Он выпил. Рука его дрожала. И невольно, словно не замечая сам, он выложил всю свою историю. В тот раз он был неосторожен, и его поймали за кражей швейцарского армейского ножа. Но он был еще мал и очень убедительно плакал, и ему хватило ловкости улизнуть сразу же, как только полицейский отвлекся на мгновение. Он подумывал, не оставить ли все так, как есть, пусть этот скандал попадет в газеты и в теленовости, так бы он поквитался с отцом. Но он решил, что просто так еще не интересно – скандал маловат. Он хотел если скандала – так уж хорошего, такого, чтобы он сломал жизнь отцу так же, как тот сломал его жизнь – не ходя на его баскетбольные, бейсбольные, футбольные матчи, оставляя его в одиночестве ночь за ночью.

Поэтому он бросился прочь от полицейского, а тот – за ним.
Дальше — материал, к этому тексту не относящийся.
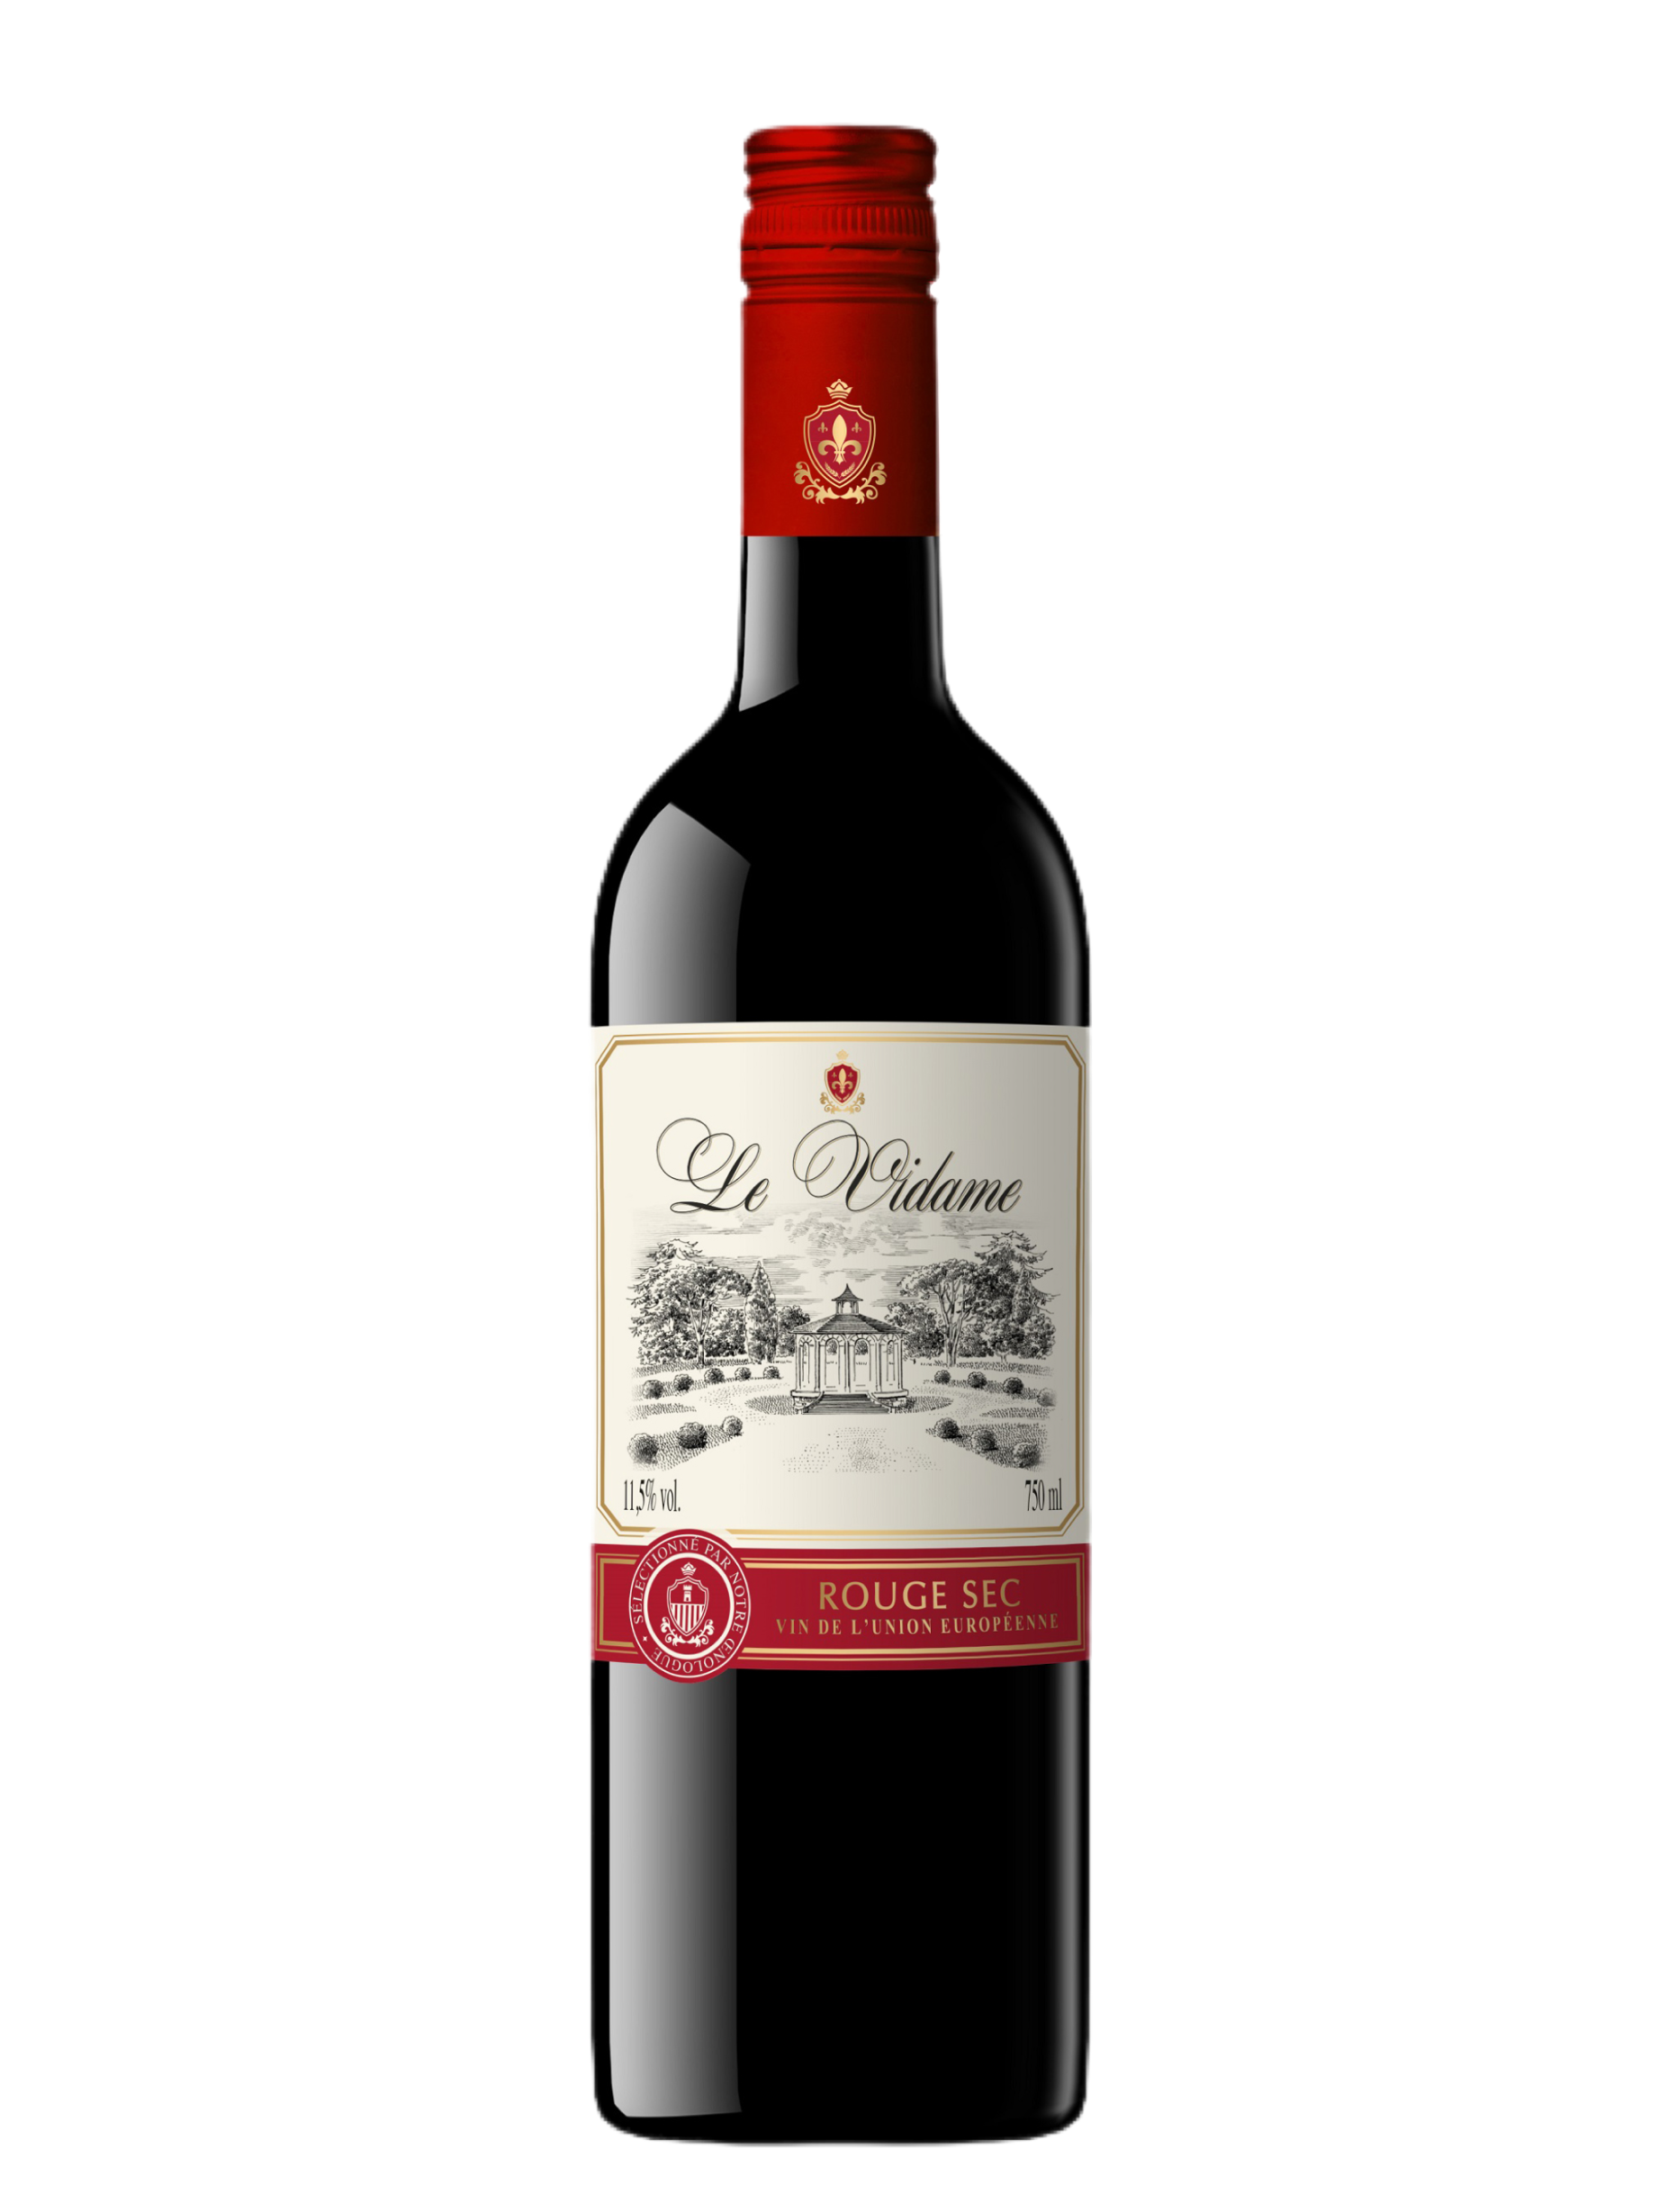 Французское вино каберне совиньон. Вино Шато Вантенак ла резерв. Вино Bonnet & associes Chateau Blaignan Medoc Cru Bourgeois 0.75 л. Шато Ле Гран Восток Мерло сухое красное.

Скитер петлял между остолбеневшими покупателями, нырял из секции в секцию, с этажа на этаж, а преследующий его полицейский на бегу запрашивал подмогу по воки-токи.

Все это было даже весело – до тех пор, пока прямо в воздухе перед ним не разверзлась дыра. Единственное, что могло бы предупредить его об опасности, – это странный гул в голове. А потом воздух вспыхнул всеми цветами радуги, и Скитер как был – раскрасневшись от бега, с прилипшей к взмокшей спине футболкой – с криком провалился сквозь него, болтая ногами в воздухе.

Он упал на каменистую землю, а над ним безбрежным океаном раскинулось небо. Над ним стоял, глядя на него, человек, одетый в меха, с лицом, смазанным жиром от лютого ветра. В темных глазах его – потрясение, ужас и восторг. Задыхающийся от погони Скитер, у которого голова еще шла кругом от этого внезапного перемещения через ничто, в первую минуту только и мог что стоять, глядя в лицо незнакомца. Когда тот вытащил меч, Скитер понял, что у него остаются два выхода: бежать или драться. Обычно он привык убегать. Убегать вообще было проще, чем сталкиваться с противником лицом к лицу, особенно если у тебя была возможность расставлять тому западни на бегу.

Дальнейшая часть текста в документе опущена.